After lining up investors and publishers over the last ten months, book subscription site Oyster has launched in an invite-only capacity for the public. Similar to the format of the Netflix and Spotify business model, Oyster allows subscribers to read as many books as they want for a monthly subscription price of $9.95. Featuring publishing partners such as HarperCollins and Houghton Mifflin Harcourt, Oyster has more than 100,000 digital books that are under copyright and would otherwise cost consumers money to purchase the books at retailers like Amazon.
At the moment, Oyster is also negotiating with the other top book publishers in order to expand the content library available for users. Some of the most popular titles currently available on Oyster include Lord of the Rings, Shutter Island, The Hobbit, Water for Elephants, Life of Pi, Fast Food Nation, The Carrie Diaries, The Giver and the C.S. Lewis series of Narnia titles.

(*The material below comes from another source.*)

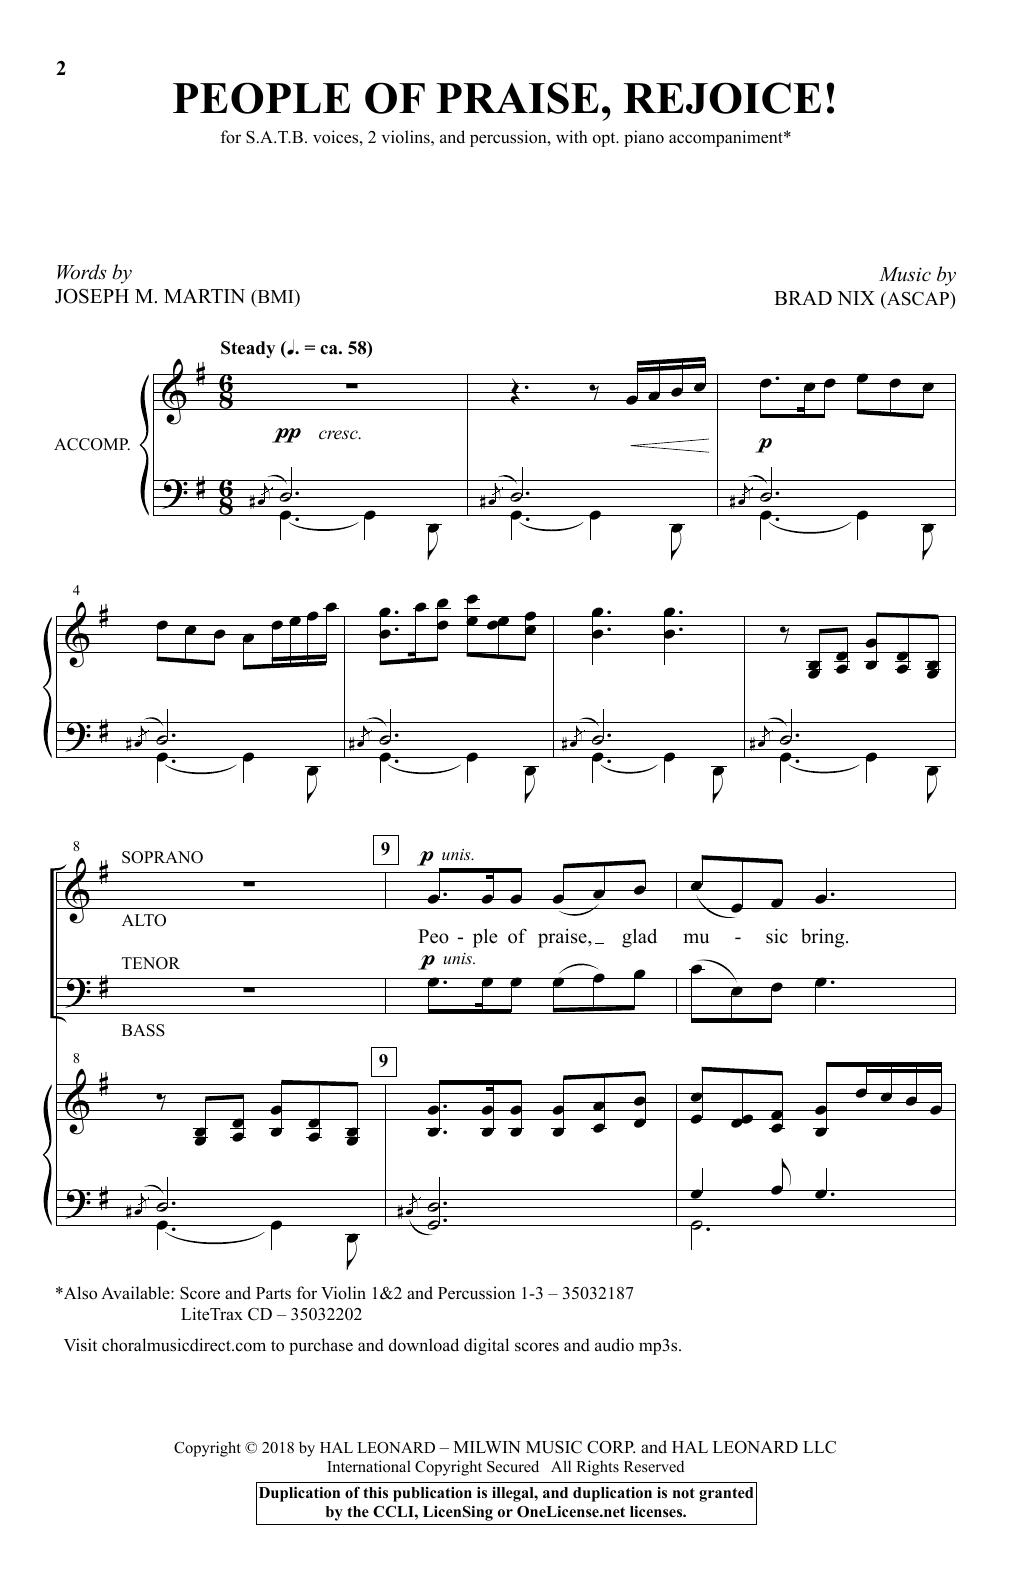 Brad Nix People Of Praise, Rejoice! sheet music notes and chords. Download Printable PDF.

One caveat to the service is that it’s only available for the iPhone at the moment. While the company plans to launch an iPad application during Fall 2013, Oyster representatives haven’t indicated if Web or Android support is on the way.
Developed by a former designer at Google and Apple, the Oyster iPhone application is quite stunning and fairly easy on the eyes. Oyster has included five different themes that can be applied when reading a book as well as adjustments for text size and brightness level of the screen. Oyster subscribers can use the application to find new titles to read in the book discovery tool as well as search for specific books by title, author or keyword. If you are familiar with the Netflix design when browsing movies, you will be right at home in Oyster when scrolling through book covers.
After setting up an Oyster profile, a subscriber can also set up a reading list. This allows the user to find of all their marked books in one place as well as keep track of the books that have been read over the lifetime of the account. In addition, users can follow other Oyster users and check out what books their friends are reading as well as look at personal ratings of specific books. It’s basically a secondary way to discover new books, very similar to checking out Amazon reviews prior to purchasing a title.
Again similar to Netflix, Oyster has put books into specific collections in order to recommend related books. If you were reading The Hobbit for instance, the recommended related books include other Tolkien books as well as nonfiction inspired by the Lord of the Rings series. Opposite from Netflix, Oyster doesn’t require a persistent Internet connection. Simply download the book first and you can access it offline when sitting on an airplane or in another area that lacks Web access.
If Oyster is successful at recruiting more publishers and expanding to new platforms, it could provide some serious competition to other services. While Amazon’s Kindle Lending Library, available to Amazon Prime users, is certainly a competitor with a larger content library, Amazon’s model only allows users to check out one single book per month as opposed to Oyster’s all-you-can-read model. The public library is also an option for users that don’t want to pay for digital books, however there are often significant waiting times for popular titles and limits on the number of books that can be checked out at any given time.